• Exercise description
All records are to be retyped faithfully and completely.

(Collected data)
= Beginning of Section =
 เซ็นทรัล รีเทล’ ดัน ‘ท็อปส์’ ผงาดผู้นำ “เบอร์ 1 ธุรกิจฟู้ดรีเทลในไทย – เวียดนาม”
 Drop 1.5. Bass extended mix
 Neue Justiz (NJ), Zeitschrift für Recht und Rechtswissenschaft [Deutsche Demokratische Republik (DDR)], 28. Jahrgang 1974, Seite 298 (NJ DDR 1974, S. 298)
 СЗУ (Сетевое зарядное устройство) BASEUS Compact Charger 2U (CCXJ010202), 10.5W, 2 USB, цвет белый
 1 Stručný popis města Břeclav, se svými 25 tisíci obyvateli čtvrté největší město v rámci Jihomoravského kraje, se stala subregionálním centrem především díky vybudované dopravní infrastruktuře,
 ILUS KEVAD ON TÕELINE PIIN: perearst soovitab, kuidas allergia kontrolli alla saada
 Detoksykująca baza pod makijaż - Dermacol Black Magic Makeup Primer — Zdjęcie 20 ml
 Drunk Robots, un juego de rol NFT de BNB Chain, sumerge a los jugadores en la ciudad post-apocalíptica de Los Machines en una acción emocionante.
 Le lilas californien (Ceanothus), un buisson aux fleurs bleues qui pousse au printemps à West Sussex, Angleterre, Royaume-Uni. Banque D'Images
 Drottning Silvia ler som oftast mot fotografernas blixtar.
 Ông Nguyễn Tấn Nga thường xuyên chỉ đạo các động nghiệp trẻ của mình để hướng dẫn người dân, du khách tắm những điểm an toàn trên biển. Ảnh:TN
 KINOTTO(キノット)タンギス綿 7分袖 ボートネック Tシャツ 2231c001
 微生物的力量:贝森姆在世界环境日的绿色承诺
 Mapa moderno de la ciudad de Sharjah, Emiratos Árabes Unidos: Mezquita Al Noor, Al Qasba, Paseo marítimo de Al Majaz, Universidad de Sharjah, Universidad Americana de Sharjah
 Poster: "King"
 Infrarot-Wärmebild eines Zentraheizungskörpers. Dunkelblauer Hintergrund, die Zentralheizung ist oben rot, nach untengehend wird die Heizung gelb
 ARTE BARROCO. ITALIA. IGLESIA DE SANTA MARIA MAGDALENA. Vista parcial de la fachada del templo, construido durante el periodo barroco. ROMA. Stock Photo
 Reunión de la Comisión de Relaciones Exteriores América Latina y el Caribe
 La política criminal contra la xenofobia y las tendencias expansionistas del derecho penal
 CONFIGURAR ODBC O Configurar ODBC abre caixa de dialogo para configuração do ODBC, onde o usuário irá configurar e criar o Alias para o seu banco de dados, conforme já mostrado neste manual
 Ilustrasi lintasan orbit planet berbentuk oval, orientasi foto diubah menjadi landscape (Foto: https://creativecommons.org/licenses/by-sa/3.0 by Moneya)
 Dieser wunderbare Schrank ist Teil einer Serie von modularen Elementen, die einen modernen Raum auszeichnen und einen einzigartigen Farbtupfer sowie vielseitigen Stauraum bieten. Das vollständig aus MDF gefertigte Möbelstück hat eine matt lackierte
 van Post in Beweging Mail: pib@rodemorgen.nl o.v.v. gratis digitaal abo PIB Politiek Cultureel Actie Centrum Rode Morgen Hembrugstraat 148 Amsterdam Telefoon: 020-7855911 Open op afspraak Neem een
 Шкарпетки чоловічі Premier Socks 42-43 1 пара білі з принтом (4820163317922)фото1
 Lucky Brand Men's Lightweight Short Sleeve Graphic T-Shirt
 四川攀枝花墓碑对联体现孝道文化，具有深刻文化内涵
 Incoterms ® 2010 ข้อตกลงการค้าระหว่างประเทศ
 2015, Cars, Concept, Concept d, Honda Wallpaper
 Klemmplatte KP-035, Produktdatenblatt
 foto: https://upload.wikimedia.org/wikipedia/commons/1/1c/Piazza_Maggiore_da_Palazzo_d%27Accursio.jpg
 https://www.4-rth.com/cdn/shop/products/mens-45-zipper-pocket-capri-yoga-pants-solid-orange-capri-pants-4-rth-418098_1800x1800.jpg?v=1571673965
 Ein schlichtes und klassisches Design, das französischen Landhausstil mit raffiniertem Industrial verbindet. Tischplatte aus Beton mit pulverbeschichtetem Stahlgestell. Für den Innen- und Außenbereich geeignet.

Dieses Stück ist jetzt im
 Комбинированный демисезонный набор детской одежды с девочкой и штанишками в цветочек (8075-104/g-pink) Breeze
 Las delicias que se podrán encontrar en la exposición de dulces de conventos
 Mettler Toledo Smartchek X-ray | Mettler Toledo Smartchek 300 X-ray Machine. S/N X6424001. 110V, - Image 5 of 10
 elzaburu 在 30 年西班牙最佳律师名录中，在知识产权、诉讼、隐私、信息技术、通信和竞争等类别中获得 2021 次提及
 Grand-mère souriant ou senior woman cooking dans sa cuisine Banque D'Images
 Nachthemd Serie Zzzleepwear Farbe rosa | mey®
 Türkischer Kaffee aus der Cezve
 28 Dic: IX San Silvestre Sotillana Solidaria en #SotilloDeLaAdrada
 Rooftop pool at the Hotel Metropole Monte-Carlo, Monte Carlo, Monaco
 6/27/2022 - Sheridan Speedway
= End of Section =
• Response for this exercise
 เซ็นทรัล รีเทล’ ดัน ‘ท็อปส์’ ผงาดผู้นำ “เบอร์ 1 ธุรกิจฟู้ดรีเทลในไทย – เวียดนาม”
 Drop 1.5. Bass extended mix
 Neue Justiz (NJ), Zeitschrift für Recht und Rechtswissenschaft [Deutsche Demokratische Republik (DDR)], 28. Jahrgang 1974, Seite 298 (NJ DDR 1974, S. 298)
 СЗУ (Сетевое зарядное устройство) BASEUS Compact Charger 2U (CCXJ010202), 10.5W, 2 USB, цвет белый
 1 Stručný popis města Břeclav, se svými 25 tisíci obyvateli čtvrté největší město v rámci Jihomoravského kraje, se stala subregionálním centrem především díky vybudované dopravní infrastruktuře,
 ILUS KEVAD ON TÕELINE PIIN: perearst soovitab, kuidas allergia kontrolli alla saada
 Detoksykująca baza pod makijaż - Dermacol Black Magic Makeup Primer — Zdjęcie 20 ml
 Drunk Robots, un juego de rol NFT de BNB Chain, sumerge a los jugadores en la ciudad post-apocalíptica de Los Machines en una acción emocionante.
 Le lilas californien (Ceanothus), un buisson aux fleurs bleues qui pousse au printemps à West Sussex, Angleterre, Royaume-Uni. Banque D'Images
 Drottning Silvia ler som oftast mot fotografernas blixtar.
 Ông Nguyễn Tấn Nga thường xuyên chỉ đạo các động nghiệp trẻ của mình để hướng dẫn người dân, du khách tắm những điểm an toàn trên biển. Ảnh:TN
 KINOTTO(キノット)タンギス綿 7分袖 ボートネック Tシャツ 2231c001
 微生物的力量:贝森姆在世界环境日的绿色承诺
 Mapa moderno de la ciudad de Sharjah, Emiratos Árabes Unidos: Mezquita Al Noor, Al Qasba, Paseo marítimo de Al Majaz, Universidad de Sharjah, Universidad Americana de Sharjah
 Poster: "King"
 Infrarot-Wärmebild eines Zentraheizungskörpers. Dunkelblauer Hintergrund, die Zentralheizung ist oben rot, nach untengehend wird die Heizung gelb
 ARTE BARROCO. ITALIA. IGLESIA DE SANTA MARIA MAGDALENA. Vista parcial de la fachada del templo, construido durante el periodo barroco. ROMA. Stock Photo
 Reunión de la Comisión de Relaciones Exteriores América Latina y el Caribe
 La política criminal contra la xenofobia y las tendencias expansionistas del derecho penal
 CONFIGURAR ODBC O Configurar ODBC abre caixa de dialogo para configuração do ODBC, onde o usuário irá configurar e criar o Alias para o seu banco de dados, conforme já mostrado neste manual
 Ilustrasi lintasan orbit planet berbentuk oval, orientasi foto diubah menjadi landscape (Foto: https://creativecommons.org/licenses/by-sa/3.0 by Moneya)
 Dieser wunderbare Schrank ist Teil einer Serie von modularen Elementen, die einen modernen Raum auszeichnen und einen einzigartigen Farbtupfer sowie vielseitigen Stauraum bieten. Das vollständig aus MDF gefertigte Möbelstück hat eine matt lackierte
 van Post in Beweging Mail: pib@rodemorgen.nl o.v.v. gratis digitaal abo PIB Politiek Cultureel Actie Centrum Rode Morgen Hembrugstraat 148 Amsterdam Telefoon: 020-7855911 Open op afspraak Neem een
 Шкарпетки чоловічі Premier Socks 42-43 1 пара білі з принтом (4820163317922)фото1
 Lucky Brand Men's Lightweight Short Sleeve Graphic T-Shirt
 四川攀枝花墓碑对联体现孝道文化，具有深刻文化内涵
 Incoterms ® 2010 ข้อตกลงการค้าระหว่างประเทศ
 2015, Cars, Concept, Concept d, Honda Wallpaper
 Klemmplatte KP-035, Produktdatenblatt
 foto: https://upload.wikimedia.org/wikipedia/commons/1/1c/Piazza_Maggiore_da_Palazzo_d%27Accursio.jpg
 https://www.4-rth.com/cdn/shop/products/mens-45-zipper-pocket-capri-yoga-pants-solid-orange-capri-pants-4-rth-418098_1800x1800.jpg?v=1571673965
 Ein schlichtes und klassisches Design, das französischen Landhausstil mit raffiniertem Industrial verbindet. Tischplatte aus Beton mit pulverbeschichtetem Stahlgestell. Für den Innen- und Außenbereich geeignet.

Dieses Stück ist jetzt im
 Комбинированный демисезонный набор детской одежды с девочкой и штанишками в цветочек (8075-104/g-pink) Breeze
 Las delicias que se podrán encontrar en la exposición de dulces de conventos
 Mettler Toledo Smartchek X-ray | Mettler Toledo Smartchek 300 X-ray Machine. S/N X6424001. 110V, - Image 5 of 10
 elzaburu 在 30 年西班牙最佳律师名录中，在知识产权、诉讼、隐私、信息技术、通信和竞争等类别中获得 2021 次提及
 Grand-mère souriant ou senior woman cooking dans sa cuisine Banque D'Images
 Nachthemd Serie Zzzleepwear Farbe rosa | mey®
 Türkischer Kaffee aus der Cezve
 28 Dic: IX San Silvestre Sotillana Solidaria en #SotilloDeLaAdrada
 Rooftop pool at the Hotel Metropole Monte-Carlo, Monte Carlo, Monaco
 6/27/2022 - Sheridan Speedway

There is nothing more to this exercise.